Can sheet moss (the kind you buy at Home Depot/Lowes...Mosser Lee brand) make dogs sick? My sweet Minnie Mae has had loose poo (consistency of pudding) for 3 weeks. We took her to the vet and had her tested for worms, including Giardia. The vet said she was fine except for an overgrowth of bacteria in her stomach. He prescribed Flagyl and Greek Organic Yogurt. That still didn't do anything. I dewormed her again just to make sure. Still no change. We stopped feeding her treats and soft food ... no difference. We are currently changing her food from Royal Canin Chihuahua 30 to Royal Canin Chihuahua 28 to see if maybe the puppy food was to rich for her. We have a potty spot for her on our patio (because we live in an apartment in Montgomery)...the top has sheet moss on it and I am beginning to wonder if that is why she has the poops. She always has her mouth on the floor/ground and has the moss in her mouth quite often. Could this be cause for an 'upset tummy' and soft stools? She acts normal in every single other way and she eats fine, drinks lots of water and loves to sleep/play regularly. 

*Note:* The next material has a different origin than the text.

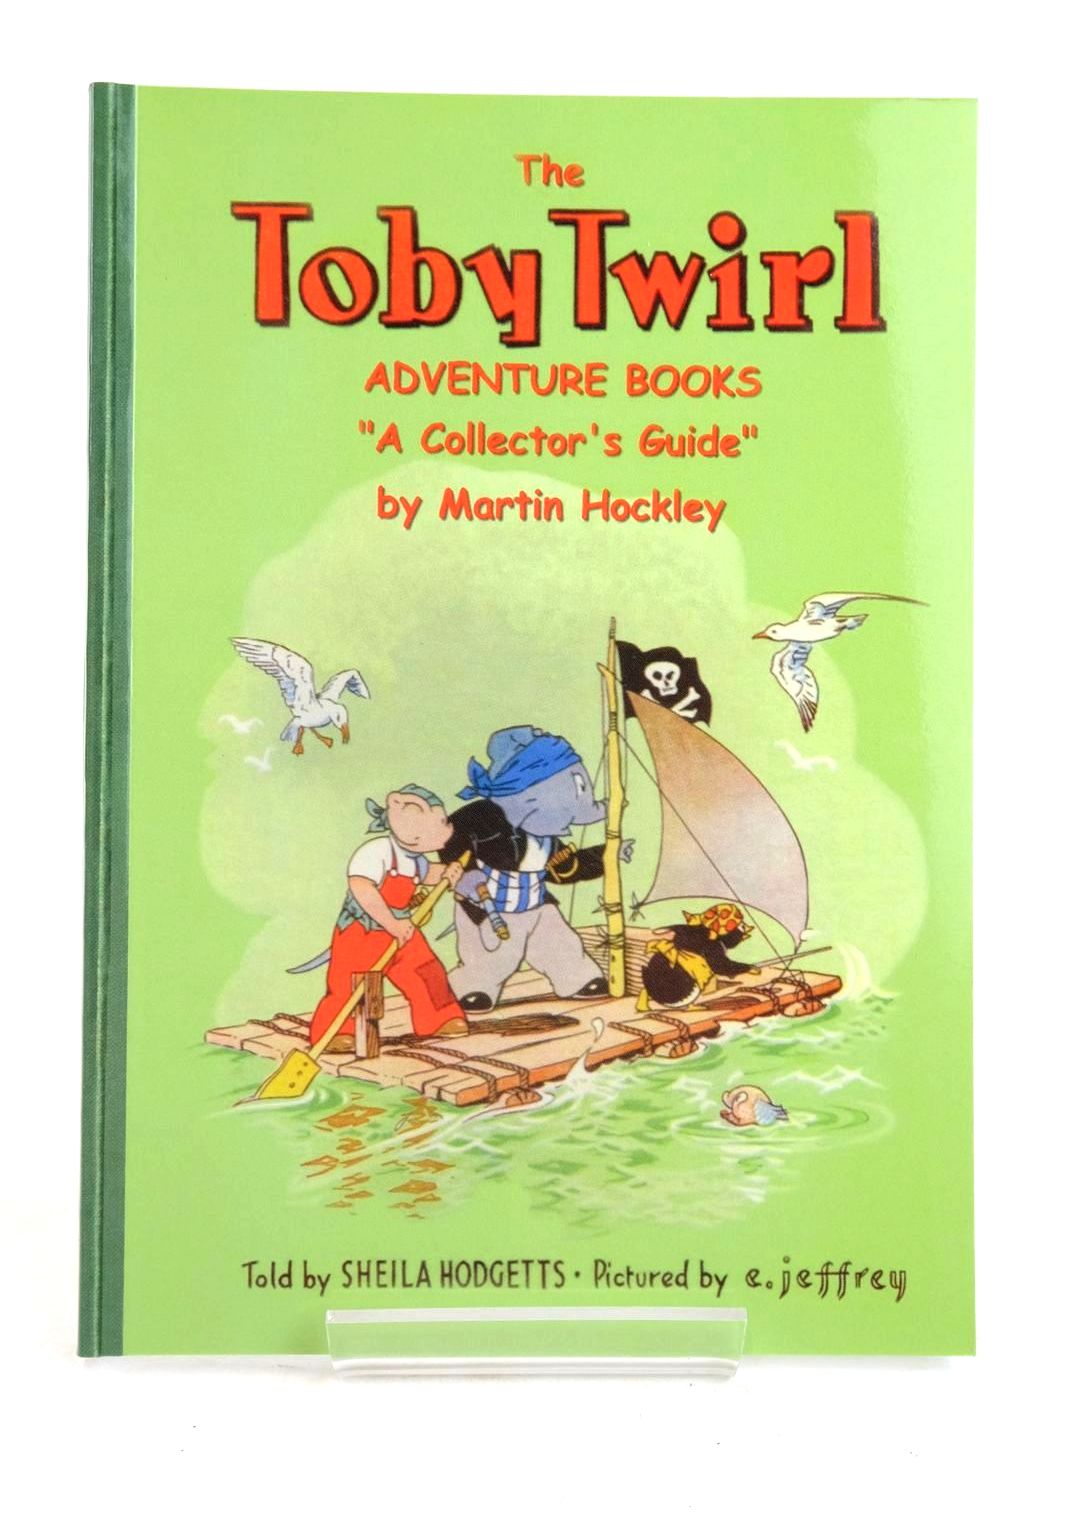 Photo of THE TOBY TWIRL ADVENTURE BOOKS A COLLECTOR'S GUIDE written by Hodgetts, Sheila Hockley, Martin illustrated by Jeffrey, E. published by Toby Twirl Ltd. (STOCK CODE: 1319643)  for sale by Stella & Rose's Books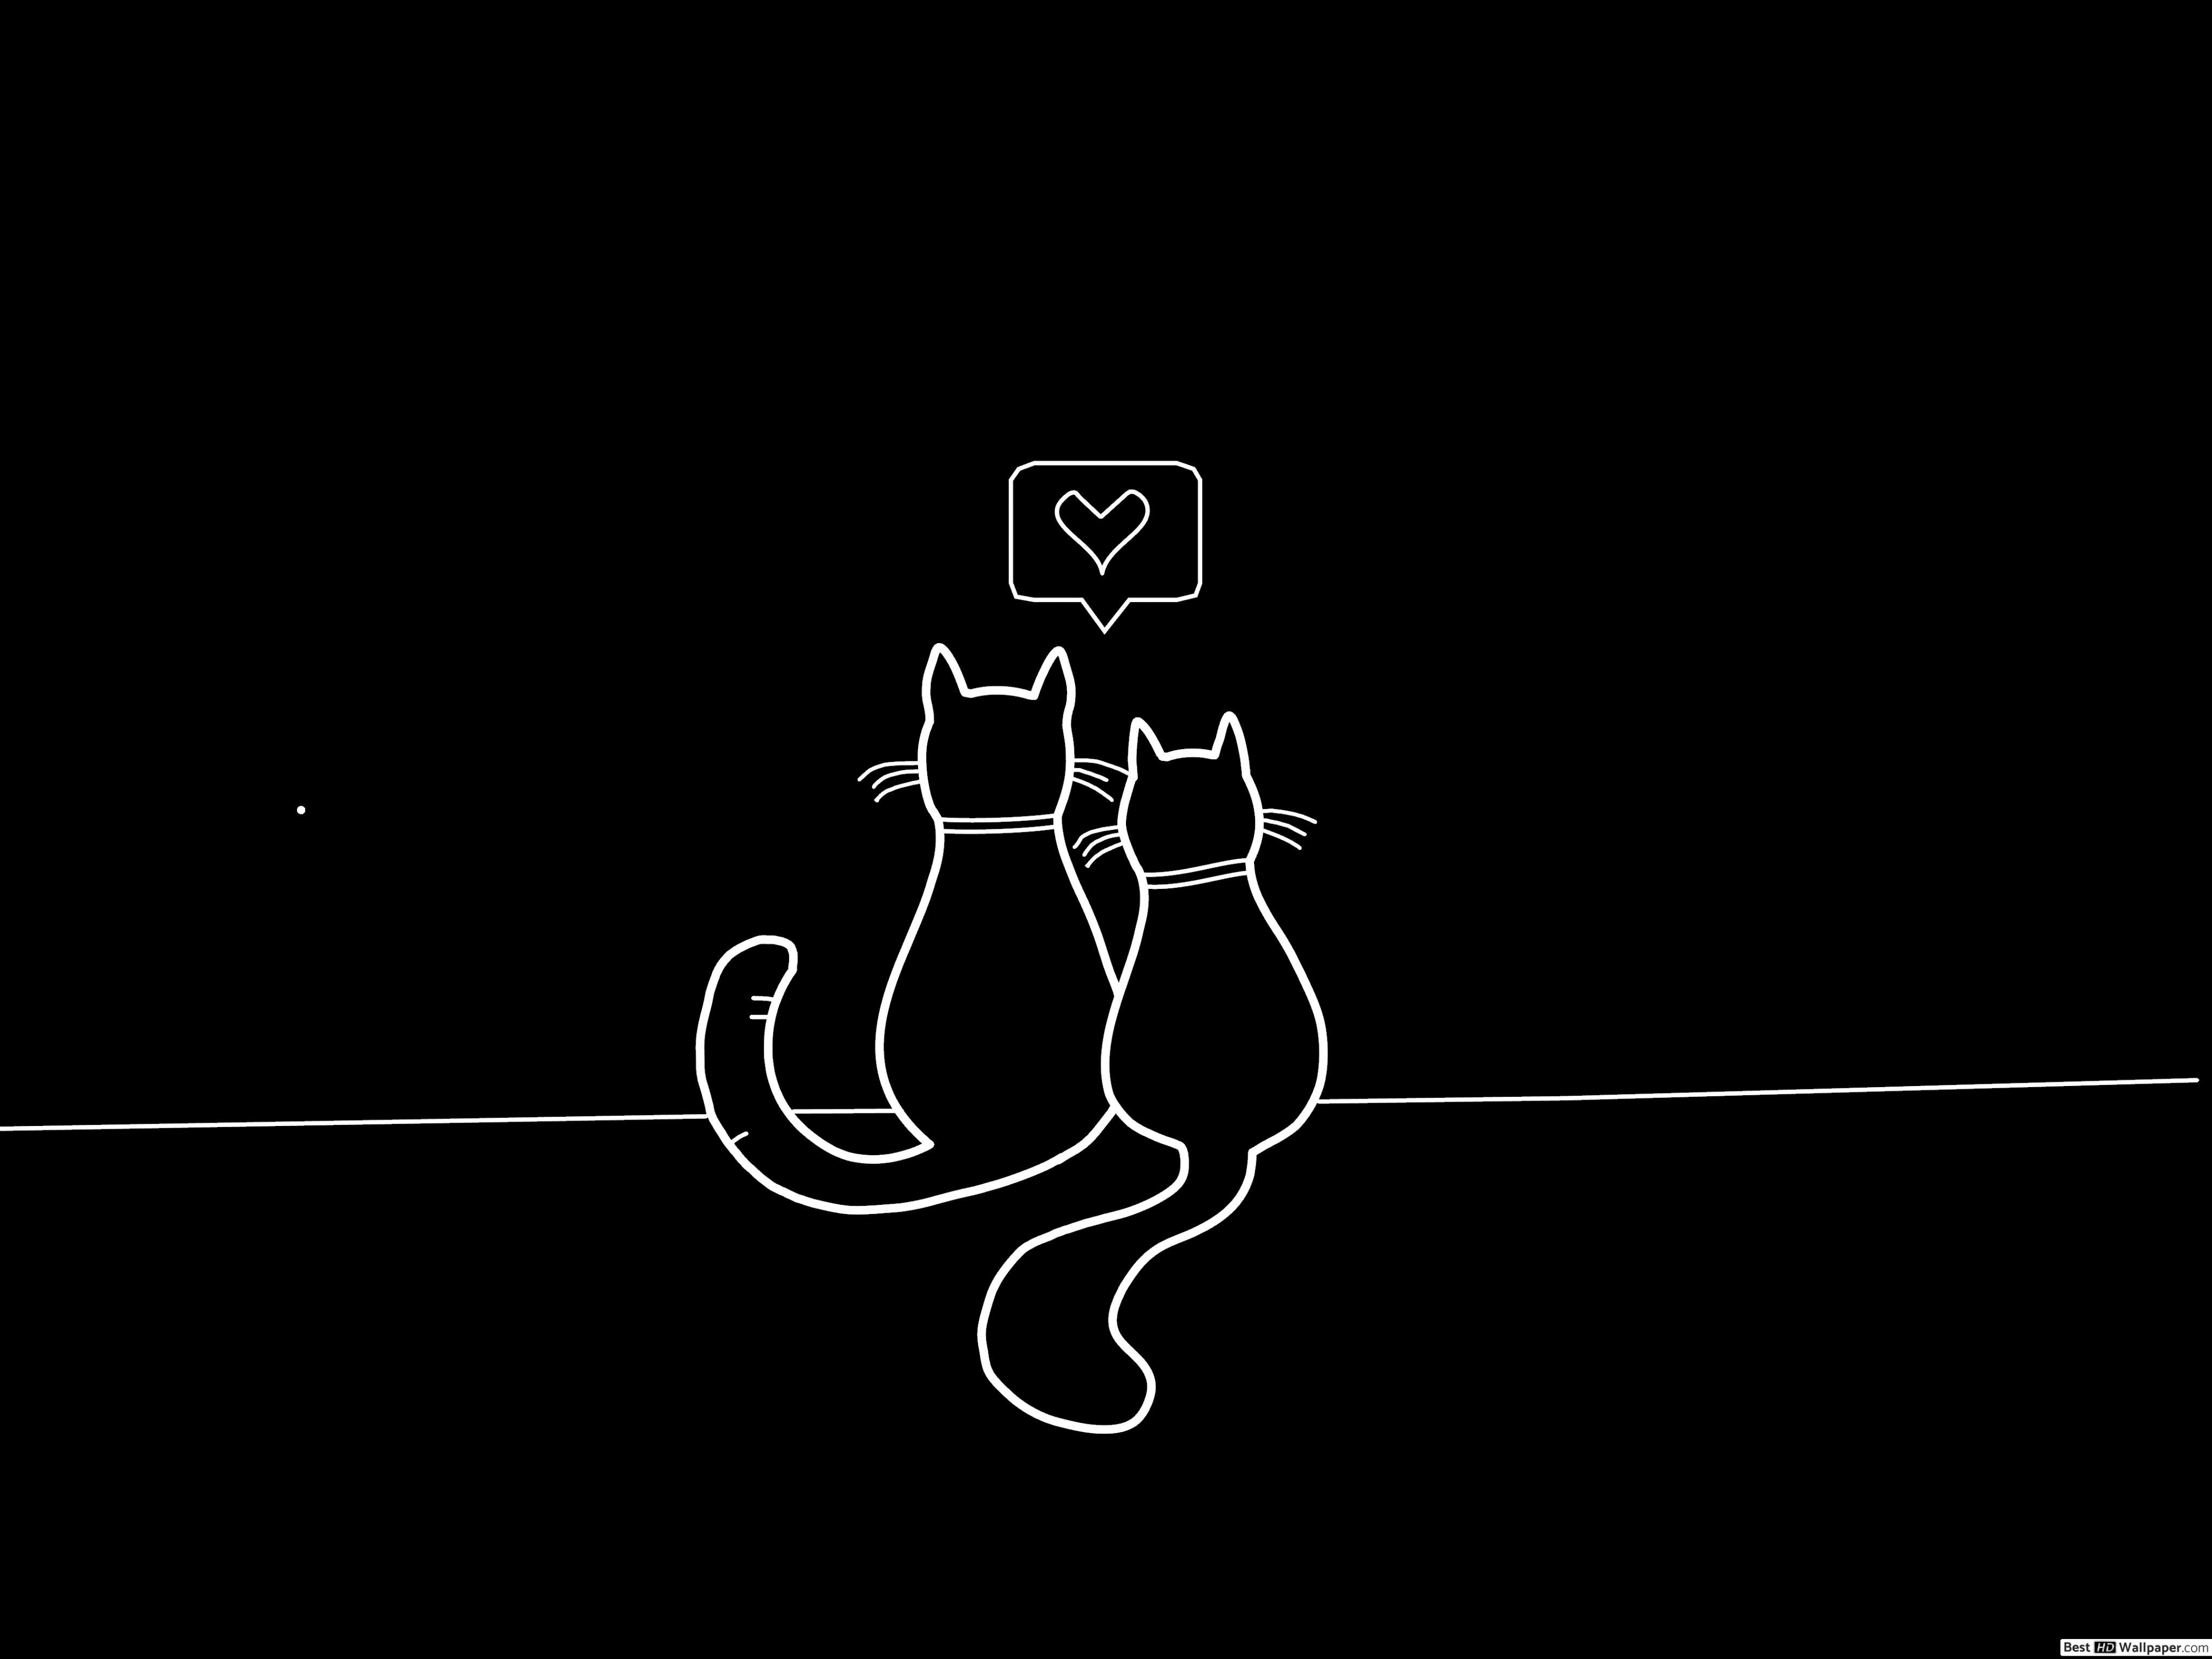 Lover cats Amoled HD wallpaper download

We did try changing the brand dog food to Pedigree Small Breed but the kibble was _way_ too large for her teeny-tiny mouth. I have also ordered some 'synthetic potty grass' that is used for commercial kennels and such to replace the moss, to see if that makes a difference. (we do walk her as well, but having the access to the patio is helpful during the day and during inclement weather. I stay home and homeschool our 3 children (11, 8, 6) so she is always being supervised. 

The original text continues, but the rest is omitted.